In [None]:
import pandas as pd
import glob
import os
import numpy as np

# Folder containing your CSV files
folder = "./data"

# Get all CSV files in the folder
files_hot_days = glob.glob(os.path.join(folder, "*hot_days*.csv"))
files_hot_nights = glob.glob(os.path.join(folder, "*hot_nights*.csv"))

print(files_hot_days)
print(files_hot_nights)

In [None]:
# Load and concatenate all CSVs - hot days
df_list_hot_days = []
for f in files_hot_days:
    df = pd.read_csv(f, sep=",",dtype={"id_ter": str})
    
    filename = os.path.basename(f)
    model_name = filename.split("resultats_")[1].split("_hot")[0]
    df.insert(len(df.columns)-1, 'model_name', model_name)    
    
    df_list_hot_days.append(df)

df_all_hot_days = pd.concat(df_list_hot_days, ignore_index=True)

# Load and concatenate all CSVs - hot nights
df_list_hot_nights = []
for f in files_hot_nights:
    df = pd.read_csv(f, sep=",",dtype={"id_ter": str})

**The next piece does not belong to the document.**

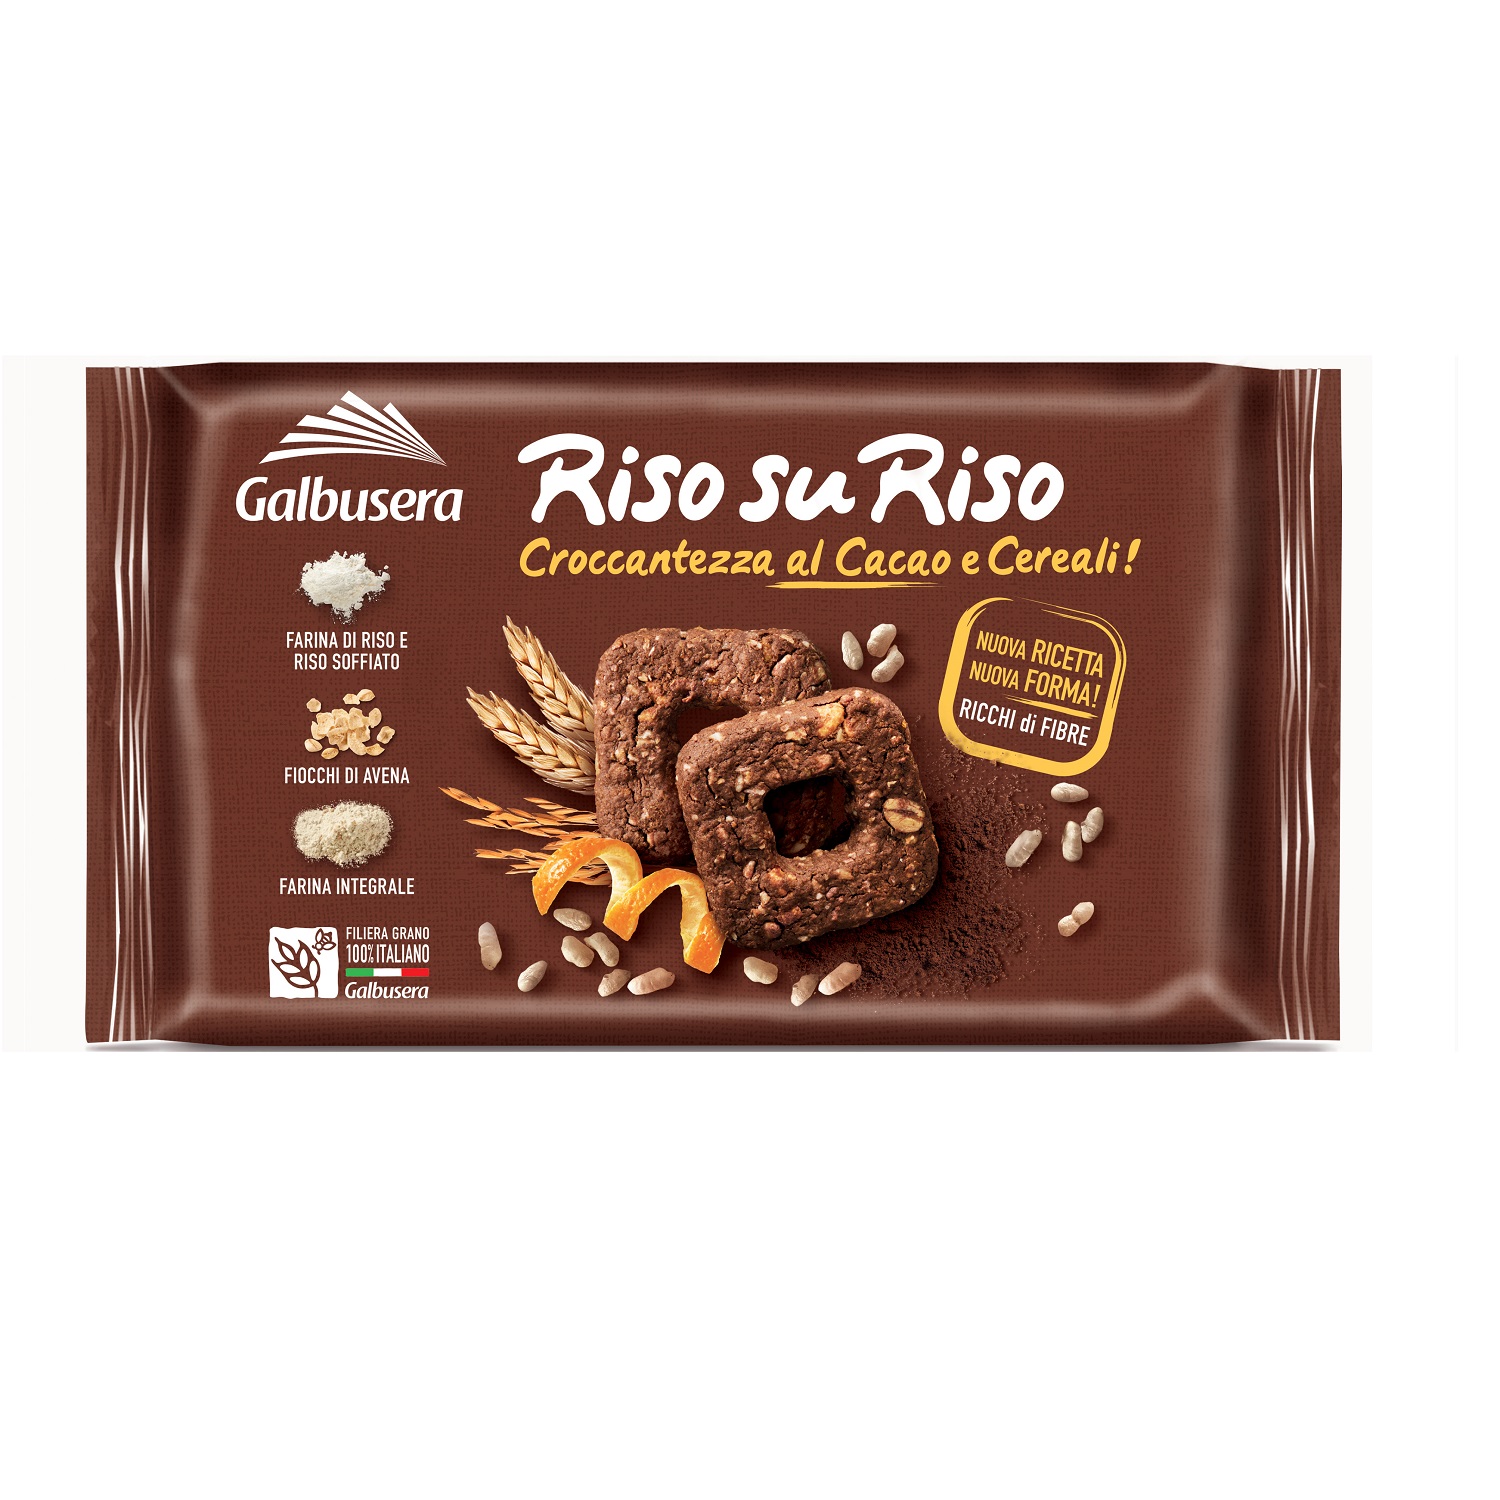 Biscuiti cu cacao si cereale Riso su Riso, 220 g, Galbusera

    filename = os.path.basename(f)
    model_name = filename.split("resultats_")[1].split("_hot")[0]
    df.insert(len(df.columns)-1, 'model_name', model_name)    

    df_list_hot_nights.append(df)

df_all_hot_nights = pd.concat(df_list_hot_nights, ignore_index=True)

# Merge 
df_all_hot_days.insert(len(df_all_hot_days.columns) - 1, "variable", "TasMaxAdjust_noSup35")
df_all_hot_nights.insert(len(df_all_hot_nights.columns) - 1, "variable", "TasMinAdjust_noSup20")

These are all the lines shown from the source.